Saddle Up

Will the Great Wall Steed ride up the sales charts? – Stuart Martin puts his feet in the stirrups. 

While not quite the task-building challenge of its namesake, the Great Wall team has a lot of burnt bridges to rebuild as it returns to the local market astride its new Steed LCV utility.

The brand has an Australian carpark totalling over 45,000, and at its peak had over 70 dealers and service centres. The emergence of a new importer has resulted in revisiting its original dealer group, and, having contacted previous customers and dealers about sticking with the brand, it now has 51 dealers back on board.

Great Wall Motors Australia general manager, Tony Carraturo, said discussions with customers had aftersales support at the top of the list of demands for the factory-backed subsidiary.

“We have listened and responded, the new Great Wall will be built on the foundation of outstanding customer support – our aim is to provide a new level of backing for owners and dealers,” he said.

The facelifted ute sits on the same chassis as the outgoing Great Wall utes, with a new larger chrome grille and new headlights.

Again available in petrol 4×2 and diesel 4×4 models, but both powerplants have only a six-speed manual gearbox bolted to them, something unlikely to change until the all-new model arrives in three of four years.

Pricing for the 4×2 petrol model starts from $25,990 and it is predicted this model will take 30 percent of the 5000 annual sales for the Steed in Australia.

To kick it off, the re-launch of the breed is accompanied by driveway pricing of $24,990 for the remainder of this year.

Diesel buyers will account for a similar cut and pay an extra $2000 for the 4×2 – it too has a driveway deal that drops the price from $27,990 (plus on-roads) to $26,990 for 2016.

The 4×4 dual-cab diesel will take the lion’s share, with 40 percent of sales – and, priced from a recommended retail $30,990, it wears a driveway launch price of $29,990. It is covered by a three-year/100,000 km warranty with three years of 24/7 free roadside assistance from the national dealer network of more than 50 dealers.

The base petrol model is propelled by a Euro V, fuel-injected, 2.4-litre, petrol engine producing 100 kW and 205 Nm, teamed with a five-speed manual, while the diesel models up the ratio count to six with the Euro V 2.0-litre common-rail turbodiesel.

It boasts 110 kW at 4000 rpm and 310 Nm of torque from 1800 through to 2800 rpm, as well as claiming an ADR fuel economy figure of 9.0 litres per 100 km, a 1010 kg payload for the tubliner-equipped tray, four tie-down points and a braked towing capacity of 2000 kg.

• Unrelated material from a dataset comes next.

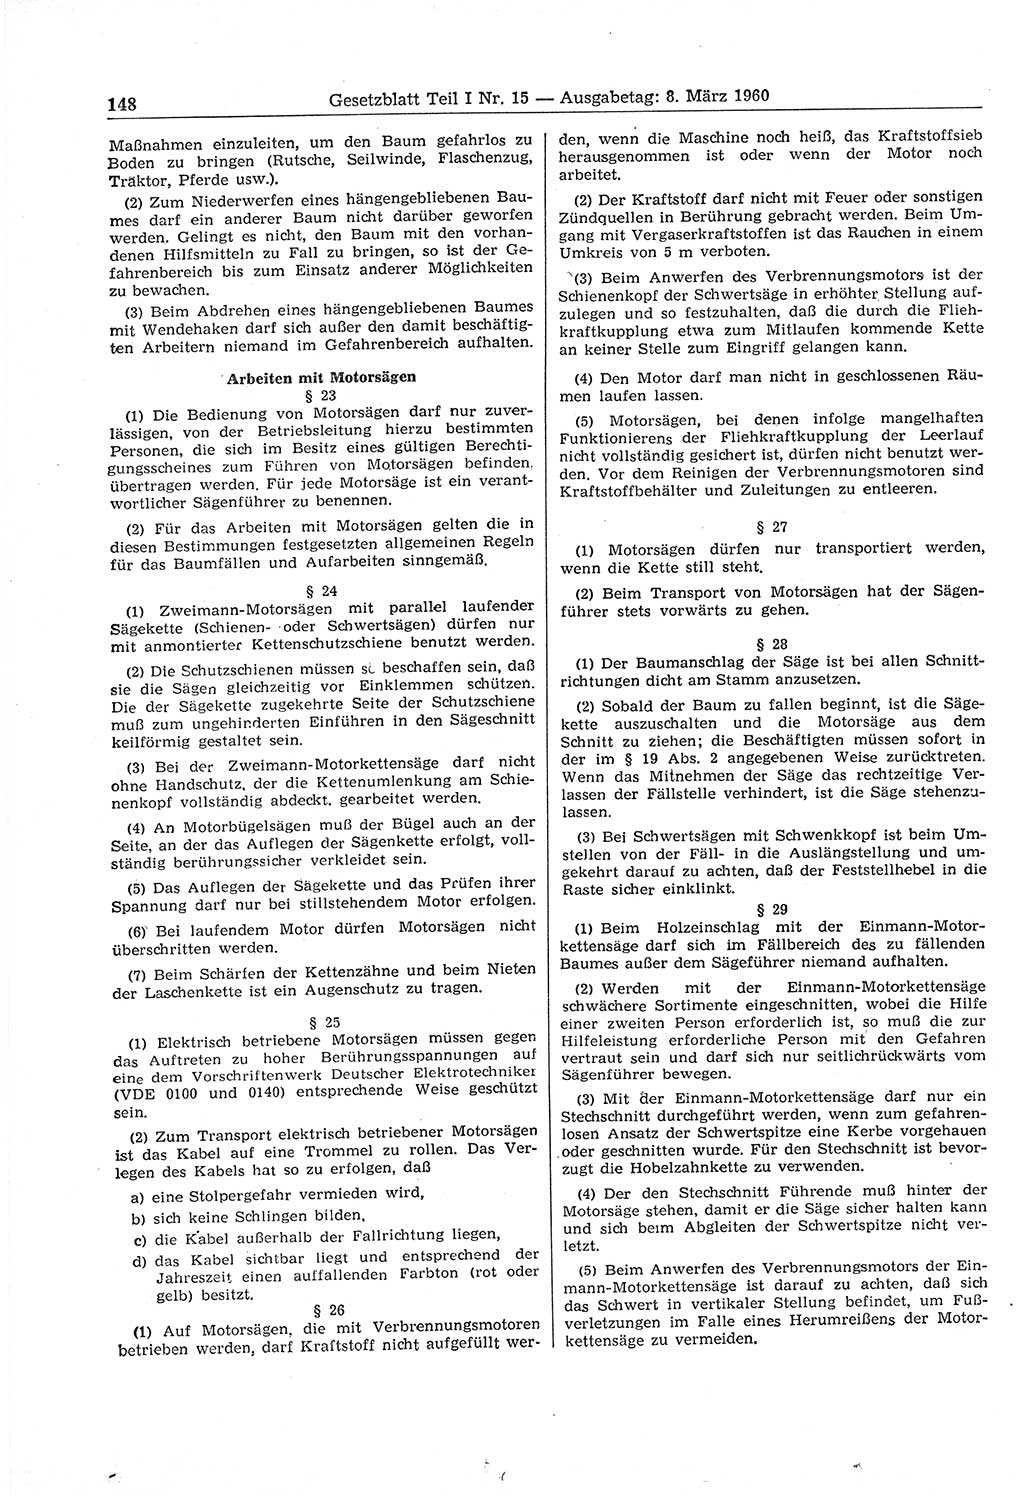 Gesetzblatt (GBl.) der Deutschen Demokratischen Republik (DDR) Teil Ⅰ 1960, Seite 148 (GBl. DDR Ⅰ 1960, S. 148)

Measuring 5345 mm long, 1800 mm wide and 1760 mm tall, the Steed is 305 mm longer than its predecessor and 30 mm higher. The maker claims the rear tub is 155 mm longer, but ground clearance sits at 171 mm across the range.

Great Wall claims the Steed is fit for the segment largely abandoned by the major brands – a well-equipped, cheap-as-chips value, one-tonne workhorse “built to work,” but, despite that, the standard features list is respectable. It sits on 16-inch alloy wheels (with a full-size steel spare) and has man-made Comfort-Tek ‘leather’ trim, a carpet floor, a tilt-only adjustable leather-wrapped steering wheel and gearshifter, power windows and heated exterior mirrors, heated front seats, climate control, cruise control with steering wheel-mounted controls, a six-speaker sound system with USB and Bluetooth, side steps and a sports bar.

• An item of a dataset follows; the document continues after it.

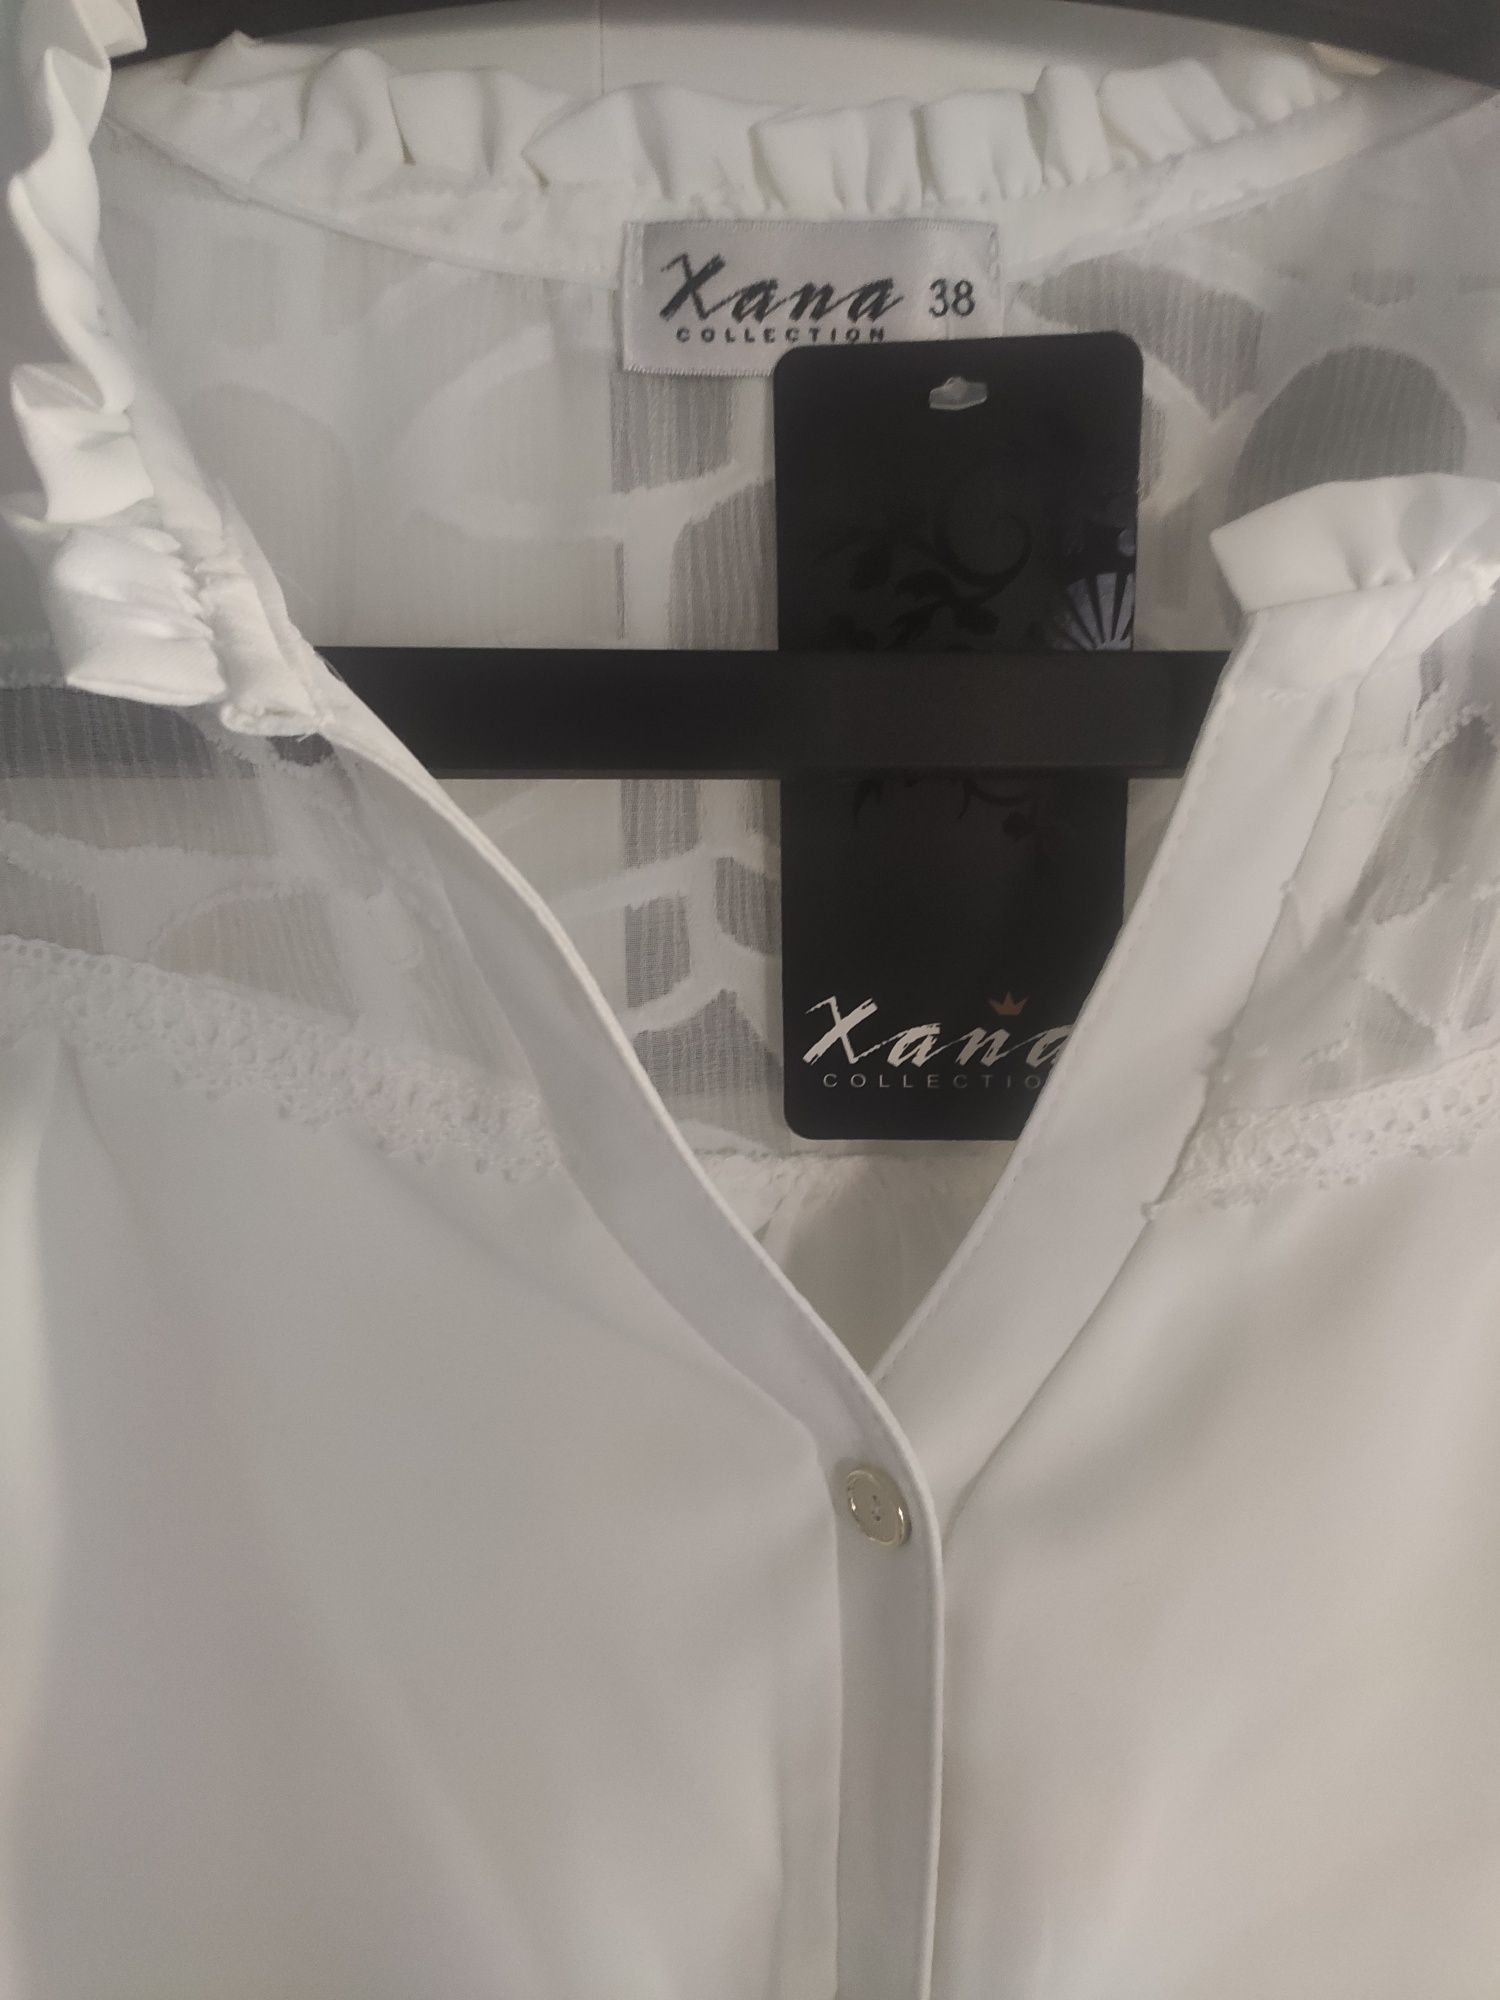 Koszula rozmiar M / 38 firmy Xana

The safety features list includes automatic headlights and wipers, an auto-dimming centre mirror, tyre-pressure monitoring system, six airbags, Bosch electronic stability control, hill-start assistance, five lap-sash seat belts, rear parking sensors, but no standard reversing camera and no ANCAP rating as yet.

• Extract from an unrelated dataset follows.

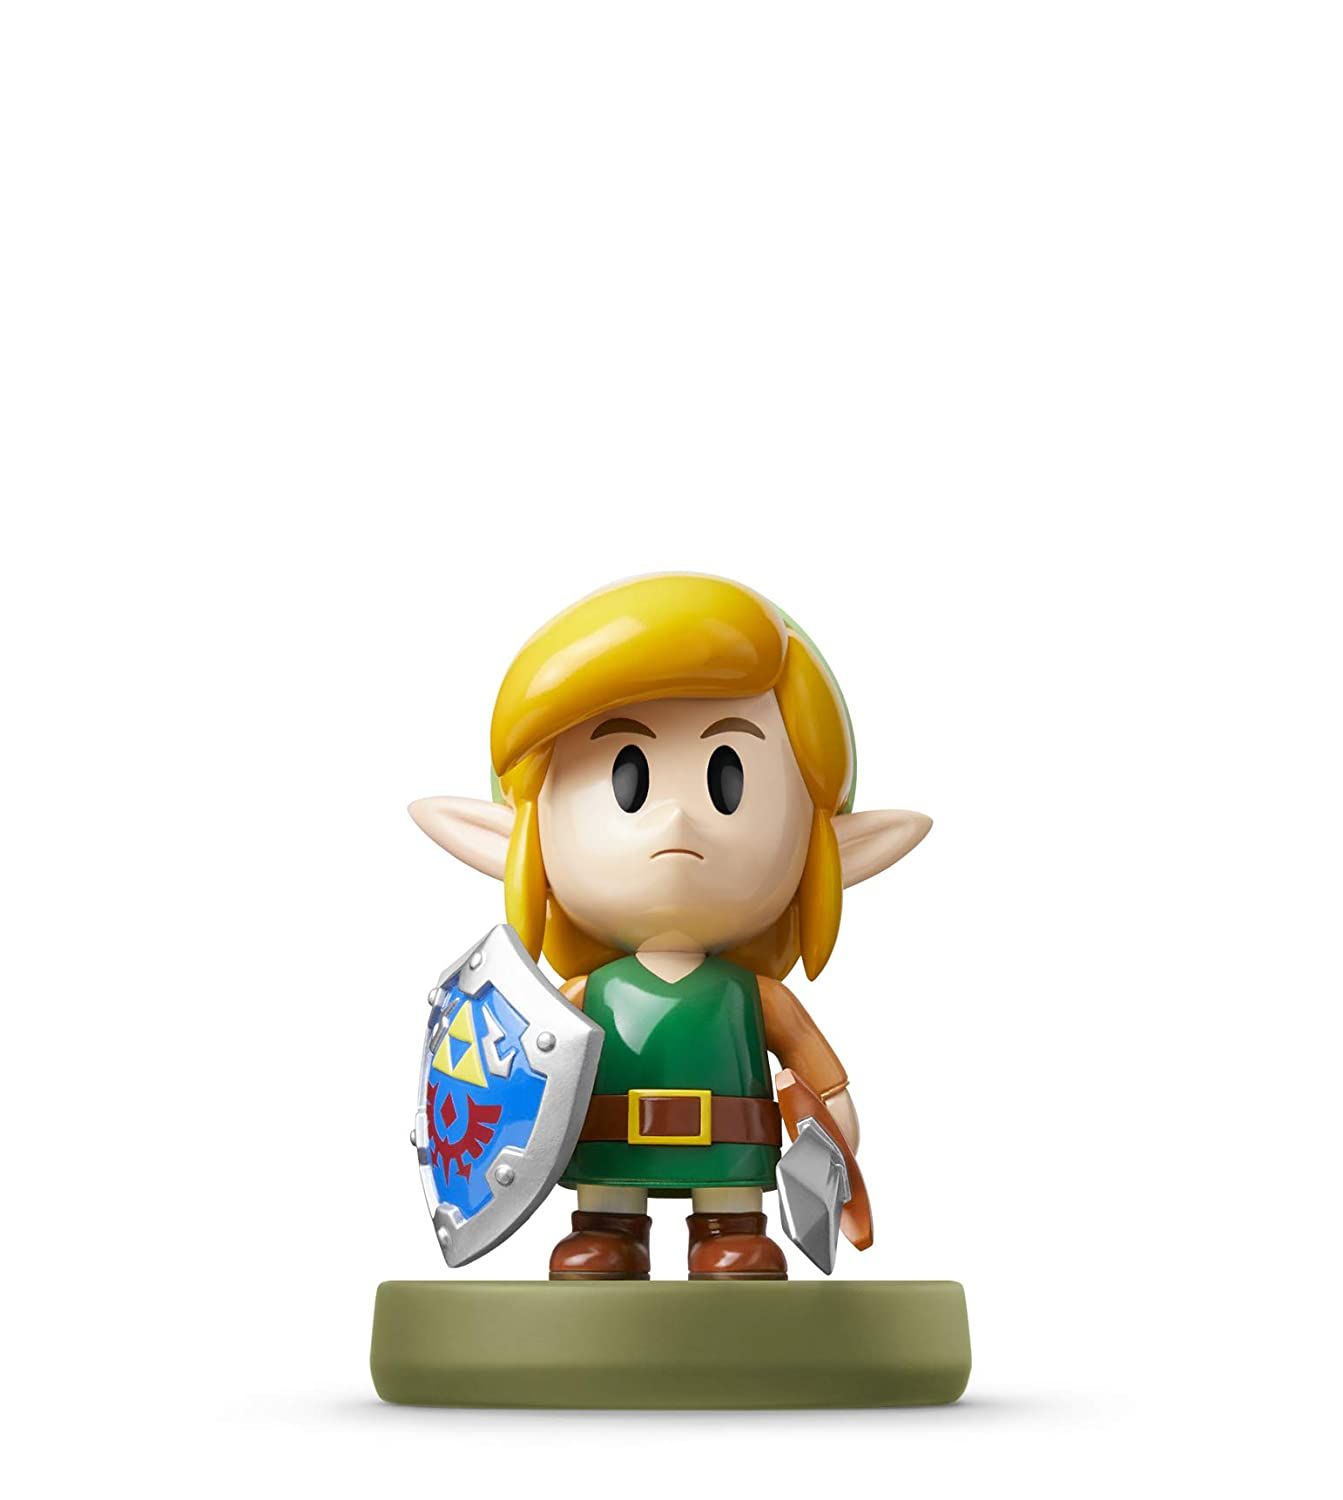 Nintendo Amiibo - Link The Legend of Zelda Link's Awakening Series 2

Any demand for additional body styles for the Steed light commercial range will be met in 2017, but the likelihood of an automatic isn’t promising; the brand also acknowledged that and the absence of an ANCAP rating limits fleet company appeal.

Great Wall Australia chief marketing officer, Tim Smith, said “hose-out” single and dual-cab models beneath the top-spec SE and single-cab/chassis models were likely for an appearance early in 2017.

“We’re not far away from bringing in a single-cab and cab/chassis, single-cab in tub or tray, cab/chassis without the tray, we’ll play it by ear on demands, it could be the price leader but we haven’t confirmed pricing yet,” he said.

“The model outside is the SE, we’re looking at an S model base-spec, that will be similar timing but in the dual-cab as well,” he said.

The updated Steed was driven in the 4×4 form and it is a more handsome beast, sporting a new snout with a big grille and large headlights.

The cabin is more pleasant than previous offerings from its home market, although carpet flooring will need some rubber floor mats; the artificial leather is serviceable and there are some nice soft plastics, but it’s not cabin-wide.

The test vehicles were also equipped with a reversing camera, which is sadly being paired with sat/nav in a $1000 option pack.

The tilt-only leather-wrapped steering wheel has phone, cruise, audio and trip computer controls, but its primary purpose is marred by power steering that is too eager; steering effort in the Bunnings carpark is minimal but not so great anywhere else.

The high-set driver’s seat exacerbates the problem of tilt-only steering adjustment not delivering an ideal driving position, but there’s enough headroom to live with it. The back seat is a little upright in the backrest, but my 191 cm frame could just sit behind my own driving position.

Seat comfort and cabin noise are reasonable, but where it trips over is in the muscle department – 110 kW and 310 Nm is well down on the rest of the segment, with even the Isuzu D-Max (one of the longer-serving models) delivering 130 kW and 380 Nm. Nissan’s single-turbo Navara low-spec model boasts 120 kW and 403 Nm, Mitsubishi’s Triton delivers 133 kW and 430 Nm.

The Steed claims 8.6 litres per 100 km and sat not far from that figure during the highway and country road launch drive, but there was little suburban or hard work done in that time. The six-speed manual gearbox is a pleasant unit, with a clean and quick shift action, and it will need to be to cope with only 310 Nm of torque.

The trays were initially laden, albeit
only with a couple of solid bales of lucerne hay, 20 kg of dog food and a large boxed “care package” all for the local Salvos, so we were in no danger of exceeding the 1010 kg payload. The small load didn’t calm the lively rear end over smaller bumps, but its demeanour wasn’t out of character for a leaf-sprung live axle rear end. Overall, the double wishbone front and leaf-sprung rear ride isn’t too harsh, and if you push the Steed into a gallop in corners it’s not going to give Ford or Mazda any cause for review.

The Great Wall ute has made some progress, but, price aside, it’s still got some way to go before it is going to have a serious impact on the segment.